Por un tiempo, el hombre se cree vencedor de algo, pero en realidad sólo ha sido la
experiencia de una vana victoria, en un primer envite transitorio, y que todavía no
ha dicho su última palabra.
El problema está en que todos sabemos, por naturaleza, que al final la victoria se la
llevará el más fuerte, y sin lugar a dudas en la muerte se declara el nombre del
vencido.
No podemos huir de sus garras punzantes, y cuando llega, lo hace sin avisar,
abatiendo los intereses y preocupaciones que hasta ese momento configuraban la
atención de esa persona.
El dolor tiene un límite, un umbral más allá del cual ya no se puede sufrir más. Los
grados del dolor son mesurables, y cuando se ha alcanzado su punto más álgido, de
ahí no se pasa.
Ciertamente, el dolor es muy fuerte, pero limitado a los niveles de percepción que
el cuerpo le puede ofrecer. Conocer esto, facilita la asunción de su incómoda
estancia en la humanidad de cada cual.
El dolor no se puede hacer el dueño y señor del centro de la vida del paciente.

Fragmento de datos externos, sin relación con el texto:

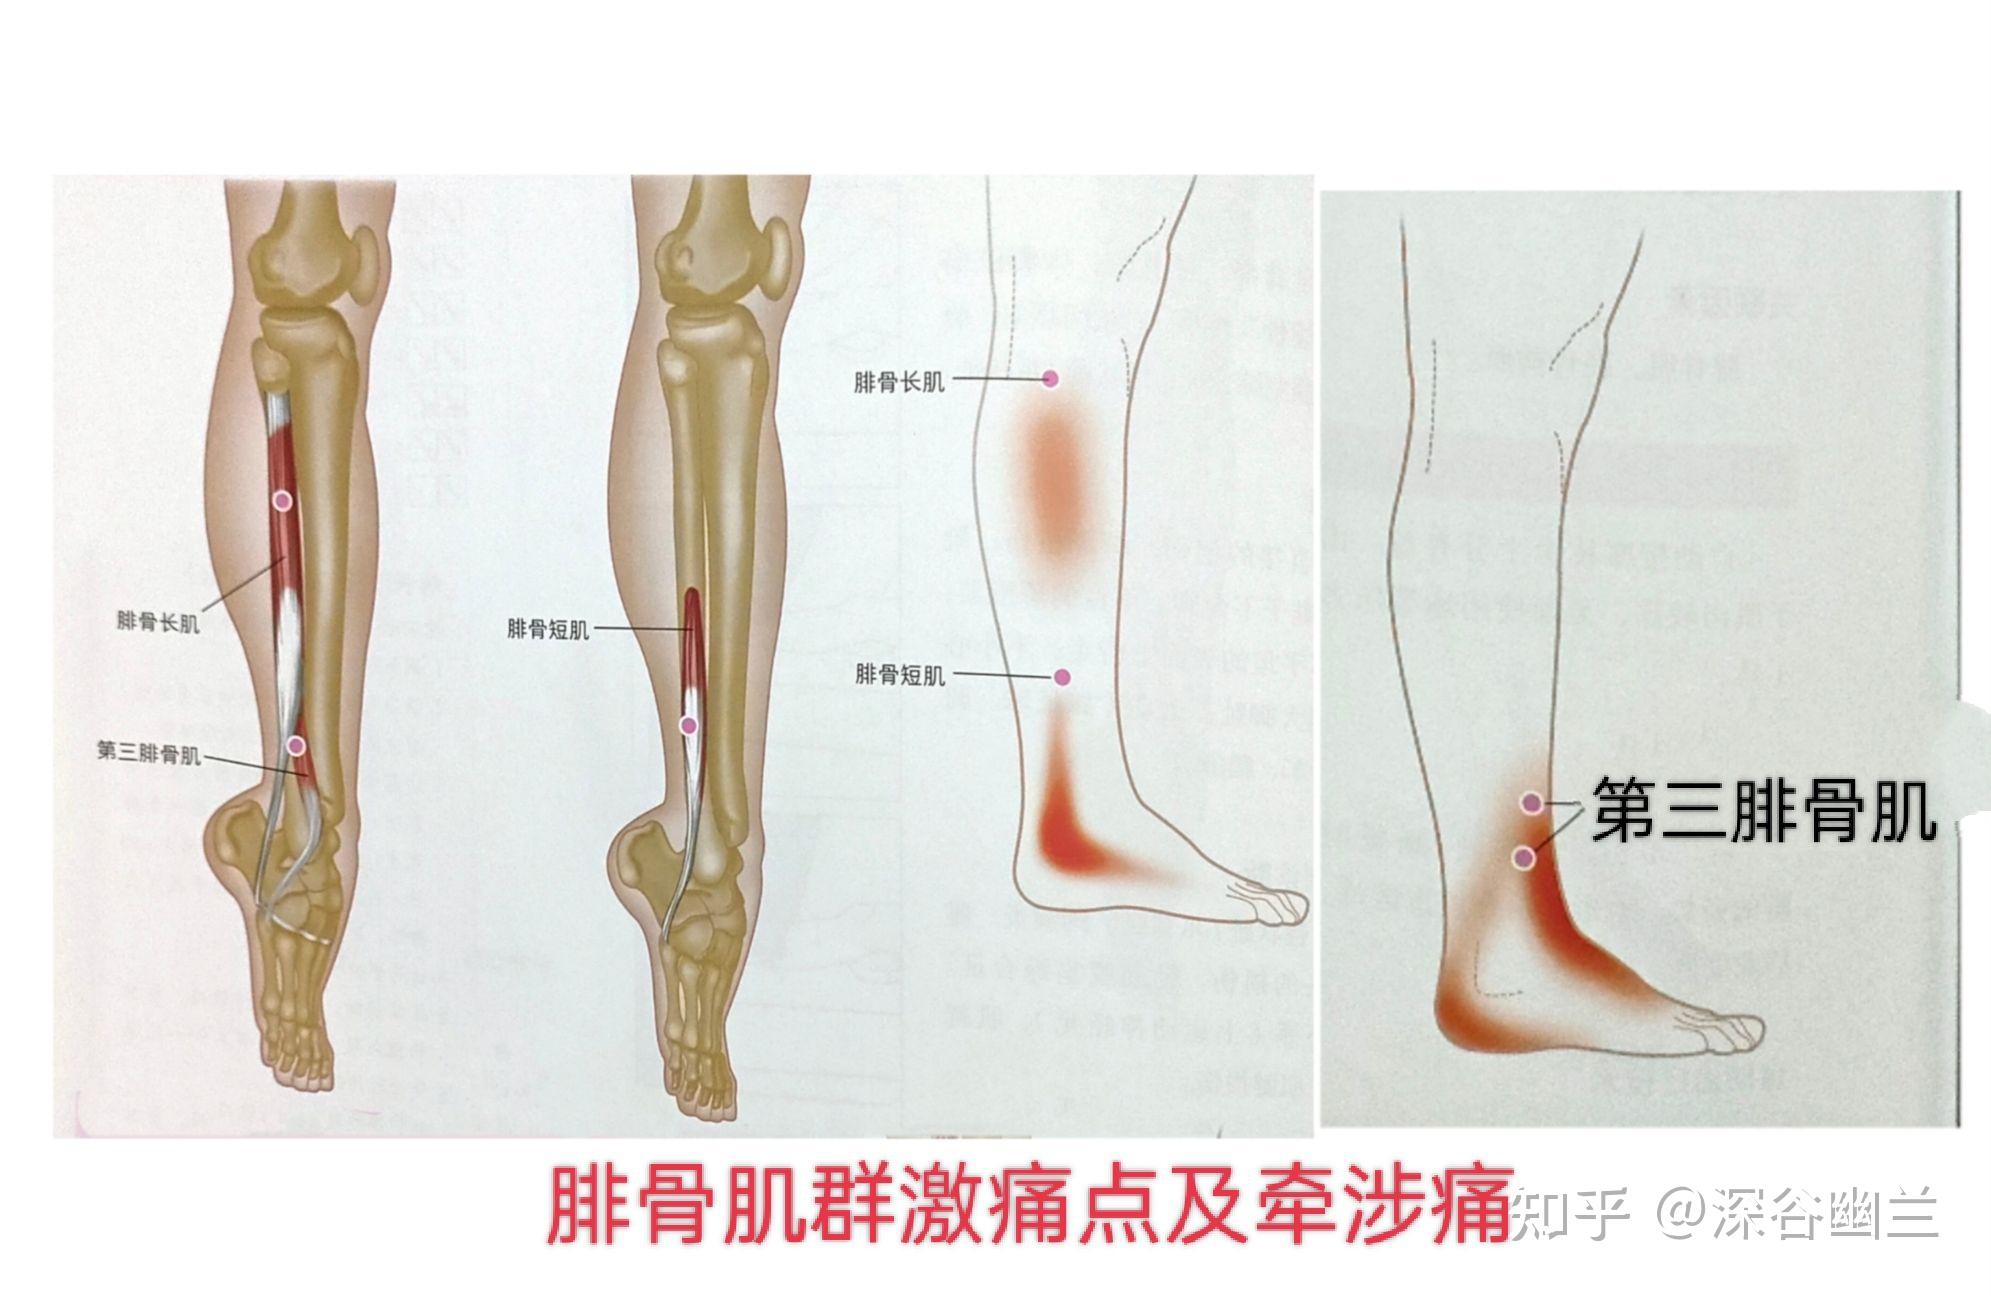 踝关节疼痛有关的激痛点及穴位

Aunque intente monopolizarlo por entero, procurando aislarlo del mundo y de los
demás, la serenidad que provoca la soledad interior del que lo padece, puede
ayudar a colocarlo en su sitio, sin otorgarle ni un ápice de más del lugar que le
corresponde desde su trasgresión.
La nueva significación del dolor pasa por la comprensión de su limitación, por muy
dañina que esta sea.
El dolor tiene un comienzo y un fin, al igual que tiene un límite de intensidad, más
allá del cual ya no puede hacer más daño. Al dolor se le puede acoger, aprender a
convivir con él, y por último escapar de él con la ayuda de remedios caseros o
clínicos que están para eso.
Pero, por otro lado, procurar tender puentes con el mundo y los demás, impidiendo
que el ostracismo impuesto se apodere del espíritu y de la inteligencia del que
sufre, es una buena medicina para no perder el dominio de lo transitorio, aunque
aparentemente parezca que se ha convertido en la loca de la casa.